Case 1: Training R²: 0.009950688019452314
Case 1: Test R²: 0.0034163395508415295
Case 1: Test RMSE: 1441.8455811188421
Case 1: Test MAE: 25.28637293162364
Case 2: Training R²: 0.049915792364760736
Case 2: Test R²: 0.022231186110131973
Case 2: Test RMSE: 1414.6244812277246
Case 2: Test MAE: 25.025348159416414
Case 3: Training R²: 0.07347466201590014
Case 3: Test R²: 0.04978483276307333
Case 3: Test RMSE: 1374.7601875944656
Case 3: Test MAE: 24.284935030470688
Case 4: Training R²: 0.3005588037487471
Case 4: Test R²: 0.30160172341699276
Case 4: Test RMSE: 1010.4344561482964
Case 4: Test MAE: 20.65370367148405


### Reflection 4

Compare the train vs test results for each.

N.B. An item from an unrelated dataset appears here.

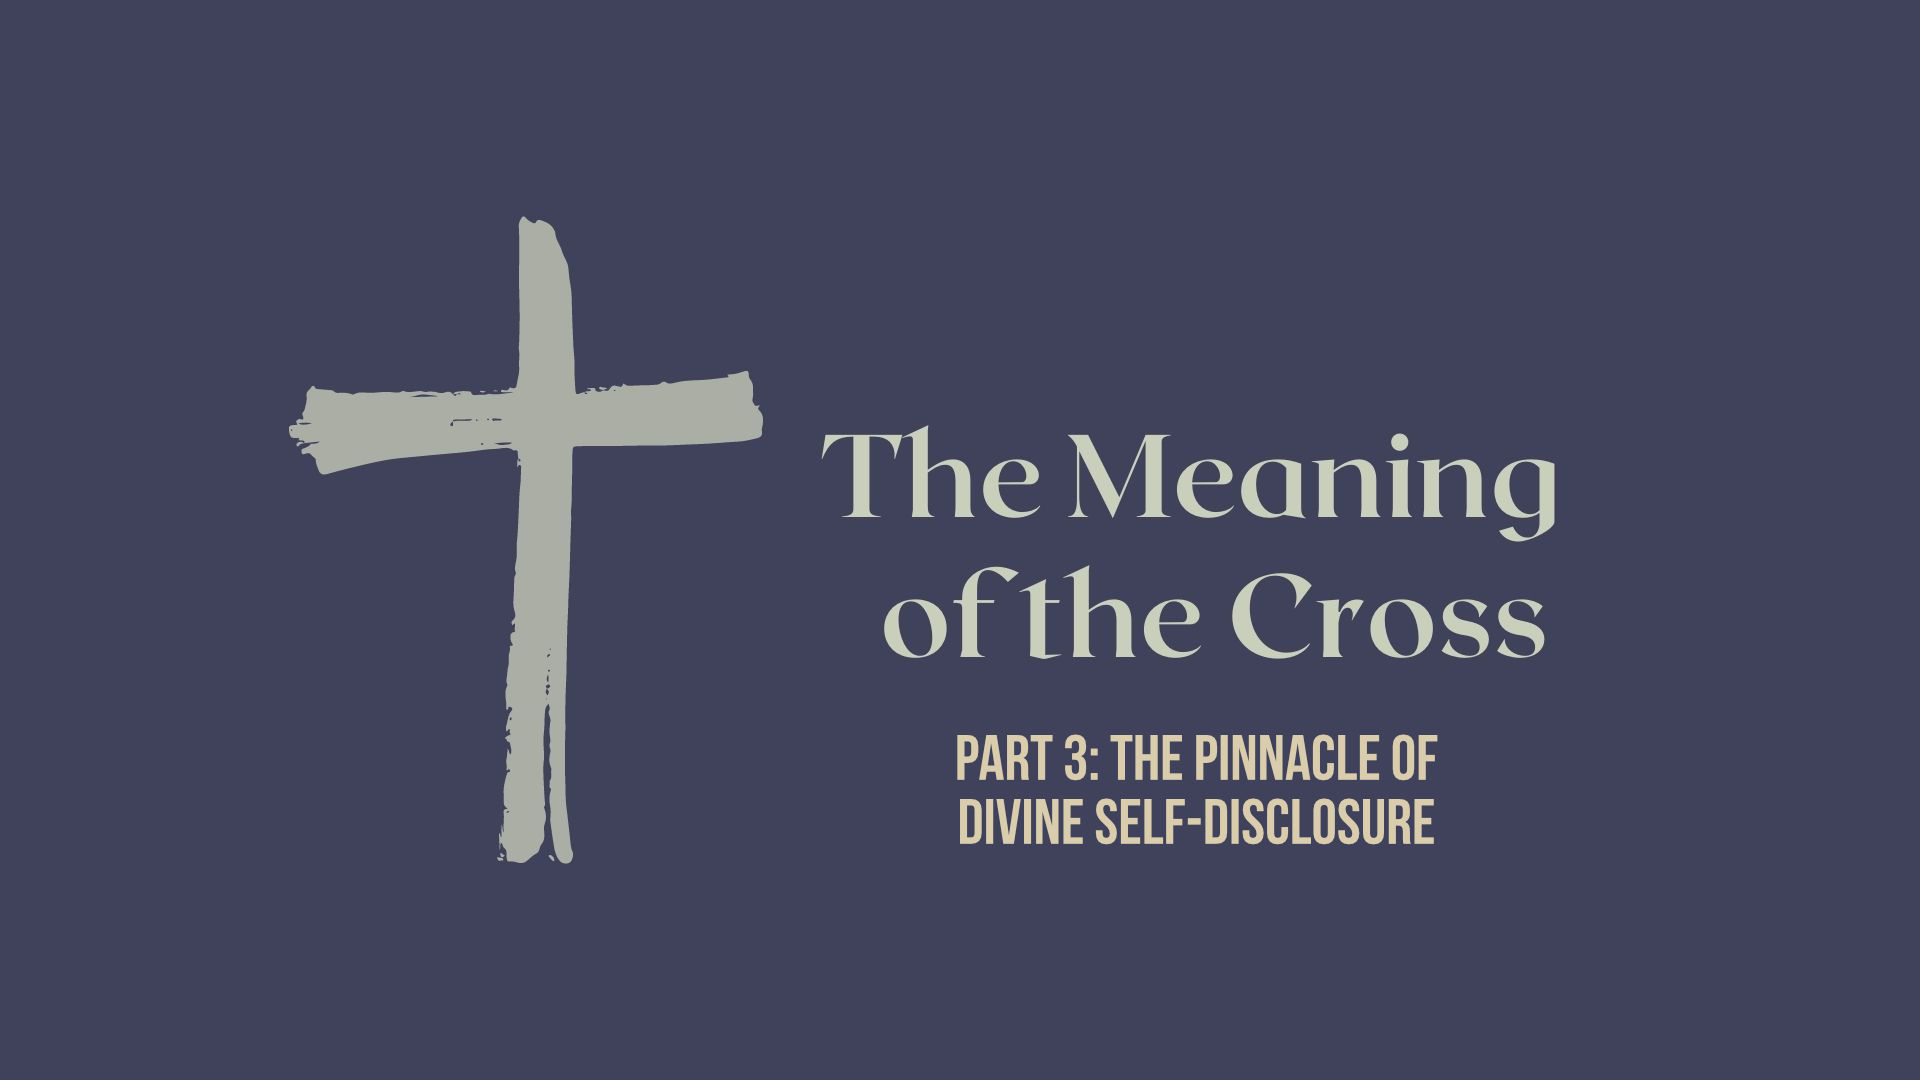 The Meaning of the Cross: Pinnacle of Self-Disclosure - Emmaus Road Church

Did Case 1 overfit or underfit? Explain: This case was an extreme underfit with very low R² results and large errors in the RMSE and MAE

Did Case 2 overfit or underfit? Explain: Again a case of underfit though there was an improvement. This might be more of the model being to simple than and underfit problem

Did Case 3 overfit or underfit? Explain: There is a modest improvement vs the first 2 cases but still likely underfit in the data with the RMSE and the MAE scores

Did Case 4 overfit or underfit? Explain: This was the highest performer of the 4 cases explaining 30% variance and a much lower RMSE and MAE

Adding Age

Did adding age improve the model: Yes it did improve the model but not by enough to conclude it as significant

Propose a possible explanation (consider how age might affect ticket price, and whether the data supports that): There is a possibility that there were different fares depending on the age of the passenger but that is not always the case and that could be effected by other variables which these regressions would not catch

Worst

Which case performed the worst: Case 1

How do you know: R² both in train and test were below 1% and the both the RMSE and MAE values were the highest of any of the cases

Do you think adding more training data would improve it (and why/why not): No, age is clearly a poor predictor of fare there is no indication in any of the values that adding additional data would yield a more accurate result

Best

Which case performed the best: Case 4

How do you know: R² for both train and test is around 30% which is the highest of the cases and the RSME and MAE values are the lowest of the 4 cases indicating the highest accuracy

Do you think adding more training data would improve it (and why/why not): Yes, this model appears to be learning with the train and testing data being similar I believe it would be improved by adding more data.